Tuesday, September 05, 2006

China Stories Pt. 25: Live from Tiananmen Square

We assembled in the cool darkness just outside the hotel entrance at 2 or 3am. Inside, the hotel staff changed the carpets in the elevator and polished the marble floors and brass fixtures. Then we loaded up and headed to the square, a convoy of a half dozen cars and vans full of equipment and people.

We pulled up to the steps of the Museum of the People's Revolution, set up, and then, as the sun came up behind us, Dan Rather was beamed into American living rooms. (Especially living rooms in the not-so-coveted 45-54 demographic.) Then around 6 or so, we broke everything down, and headed back to the hotel. Back into the little island of quiet and order. Time enough to shower and have breakfast. Then it was time to go back to work.

I'm not sure how many times we did the broadcast from the Museum. Rather also anchored evening news broadcasts from the Tiananmen gate itself.

This was all by prior arrangement with government authorities, of course - it had been set up for Gorbachev's visit. Later, when the demonstrations were in full force, we just parked a flatbed truck in the northeast corner of the square and broadcast from there. By that point, students controlled access to the square, so we had to get their permission to enter the square. The students even issued press credentials and vehicle passes. And not just one group - there were multiple groups of students controlling access at different points. I don't know if they appreciated the irony. ("Down with bureaucracy! Can I see your papers?")

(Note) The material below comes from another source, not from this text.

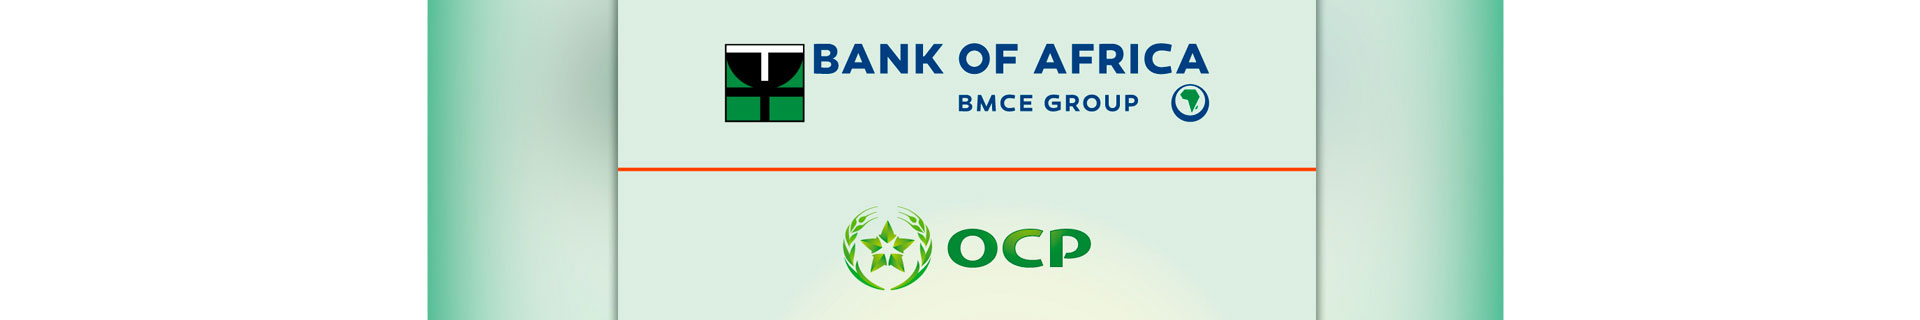 Important partenariat OCP / BANK OF AFRICA
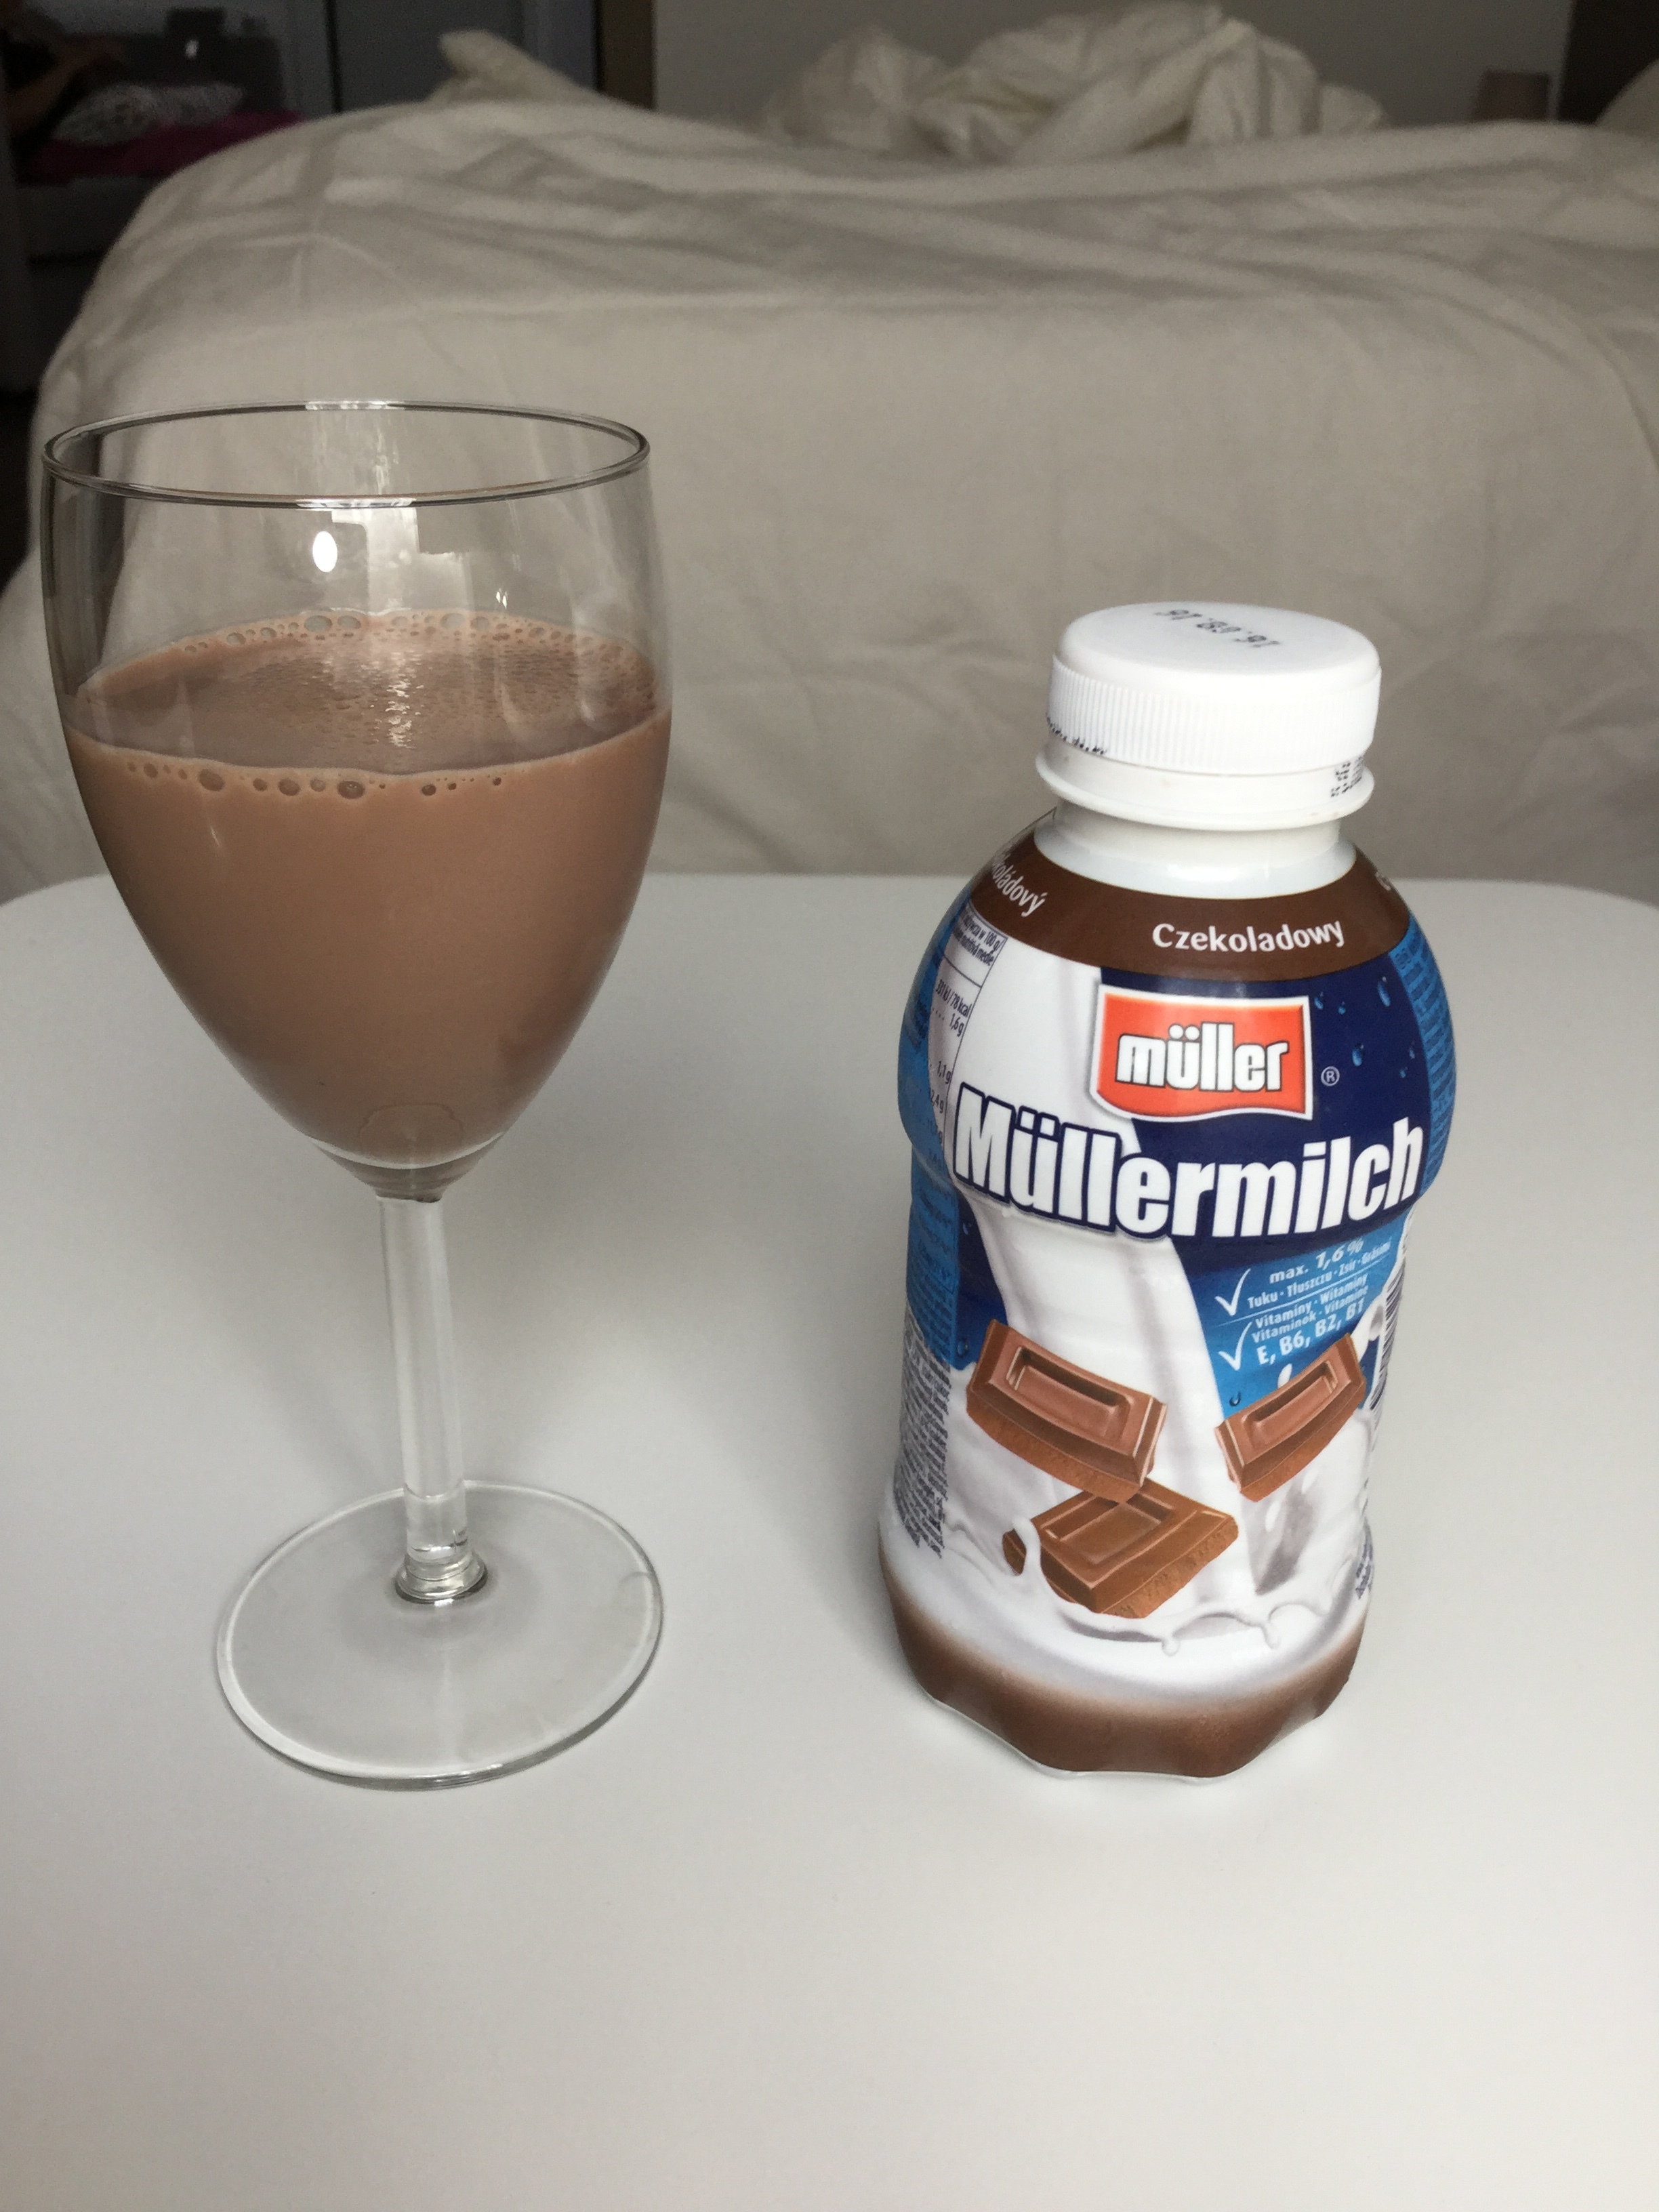 Müller Müllermilch Ciocolata — Chocolate Milk Reviews

I held no job of any consequence in this undertaking – at one point, I may have held a sun reflector during the broadcast, but that was the extent of the excitement for me. My main role was to keep onlookers a reasonable distance back from the broadcast. I stood there with the students watching what was going on. "Where are you from?" they would ask. "America, CBS News," I'd reply. "Oh, good." They didn't know CBS, really, or Dan Rather, but they were happy to have the international press covering the demonstrations.

I was very cognizant of the fact that I was working for the media, and so therefore had some obligation to be objective. (Such a quaint notion!) I was also very aware that I was a guest in China, and I was engaging in activities inconsistent with my visa status. This meant that in theory, I could have been kicked out of the country at any time. Since I intended to have a longer term involvement with China, getting expelled would have been a bad idea.

I felt that I had no active role to play in this. I was a foreigner. I didn't have any skin in the game. I was especially sensitive to this point - I wasn't so presumptuous as to think that I was in any way an active participant in these events. I was there to help tell the story, and most of the students were very happy to have us there.

I'm glad I recognized that I didn't have anything like the same stake in events that the Chinese students had. But in hindsight, I wish I had been a little bit more expressive. I wish I had let the students know how much I supported them, and hoped for them and for their cause. I think they knew. (This was way back in the good old days when the US was considered a beacon of free speech and civil rights.) But I would have felt better if I had expressed myself more.